The Triassic (/trˈæsɪk/ try-ASS-ik; sometimes symbolized 🝈) is a geologic period and system which spans 50.5 million years from the end of the Permian Period 251.902 million years ago (Mya), to the beginning of the Jurassic Period 201.4 Mya. The Triassic is the first and shortest period of the Mesozoic Era. Both the start and end of the period are marked by major extinction events. The Triassic Period is subdivided into three epochs: Early Triassic, Middle Triassic and Late Triassic.

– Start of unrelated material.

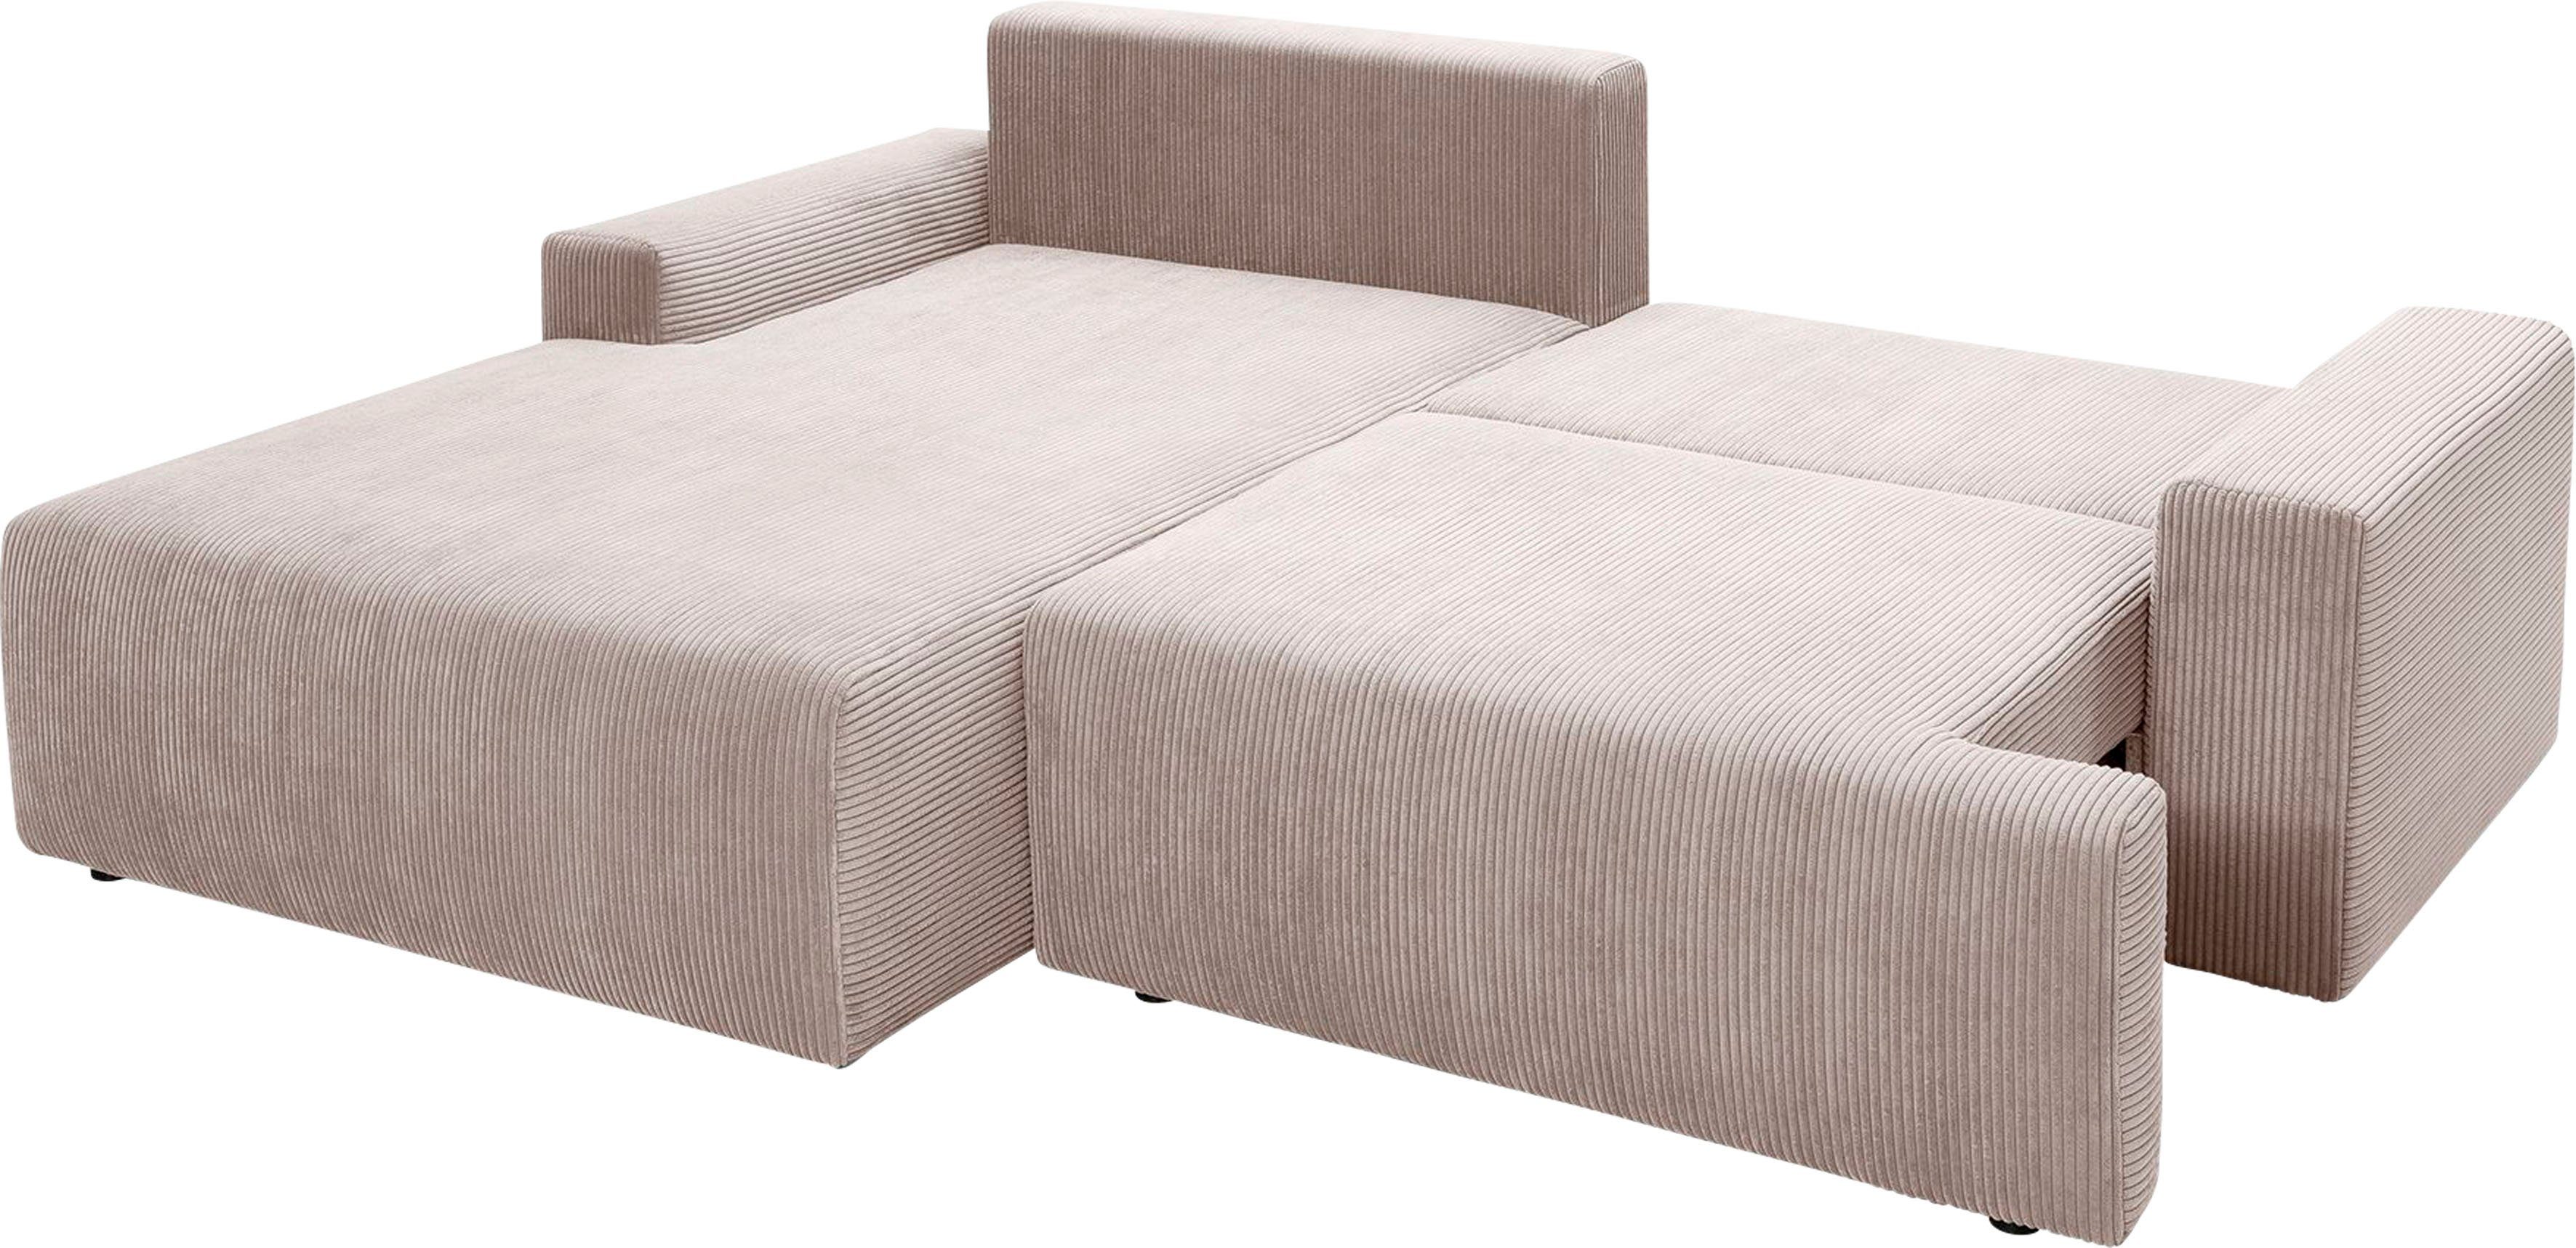 Bettfunktion Cord-Farben Ecksofa sofa Bettkasten beige inklusive und verschiedenen fashion - in Orinoko, exxpo
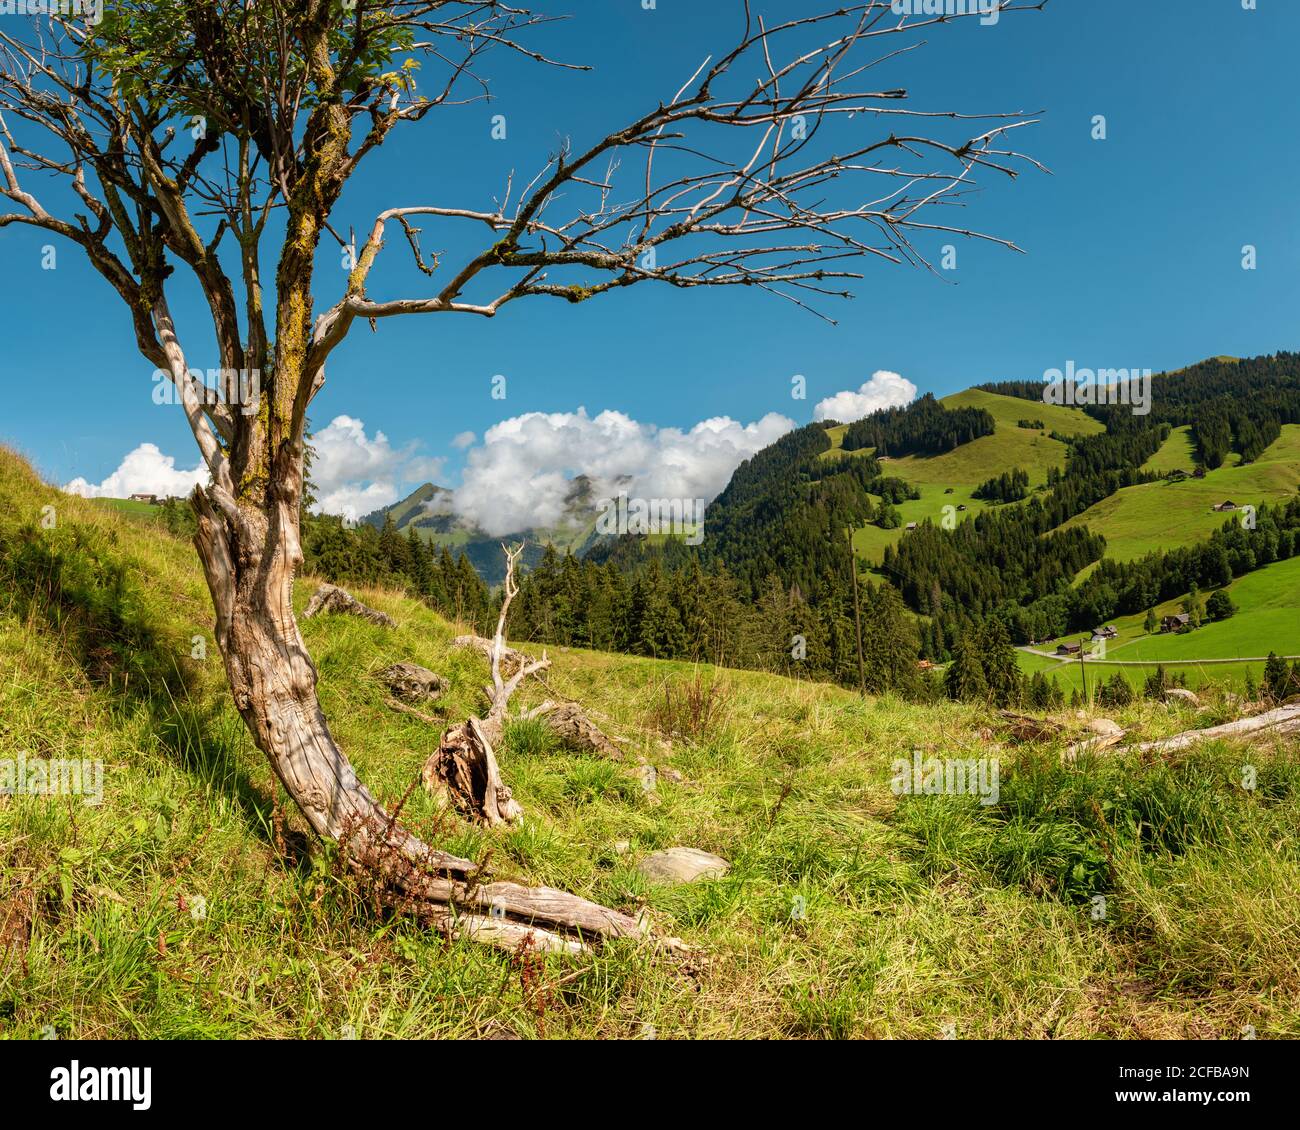 Massif de Gruyere et un arbre, Suisse Banque D'Images

The Triassic began in the wake of the Permian–Triassic extinction event, which left the Earth's biosphere impoverished; it was well into the middle of the Triassic before life recovered its former diversity. Three categories of organisms can be distinguished in the Triassic record: survivors from the extinction event, new groups that flourished briefly, and other new groups that went on to dominate the Mesozoic Era. Reptiles, especially archosaurs, were the chief terrestrial vertebrates during this time. A specialized subgroup of archosaurs, called dinosaurs, first appeared in the Late Triassic but did not become dominant until the succeeding Jurassic Period. Archosaurs that became dominant in this period were primarily pseudosuchians, relatives and ancestors of modern crocodilians, while some archosaurs specialized in flight, the first time among vertebrates, becoming the pterosaurs.

Therapsids, the dominant vertebrates of the preceding Permian period, declined throughout the period. The first true mammals, themselves a specialized subgroup of therapsids, also evolved during this period. The vast supercontinent of Pangaea dominated the globe during the Triassic, but in the following Jurassic period it began to gradually rift into two separate landmasses, Laurasia to the north and Gondwana to the south.

The global climate during the Triassic was mostly hot and dry, with deserts spanning much of Pangaea's interior. However, the climate shifted and became more humid as Pangaea began to drift apart. The end of the period was marked by yet another major mass extinction, the Triassic–Jurassic extinction event, that wiped out many groups, including most pseudosuchians, and allowed dinosaurs to assume dominance in the Jurassic. (Full article...)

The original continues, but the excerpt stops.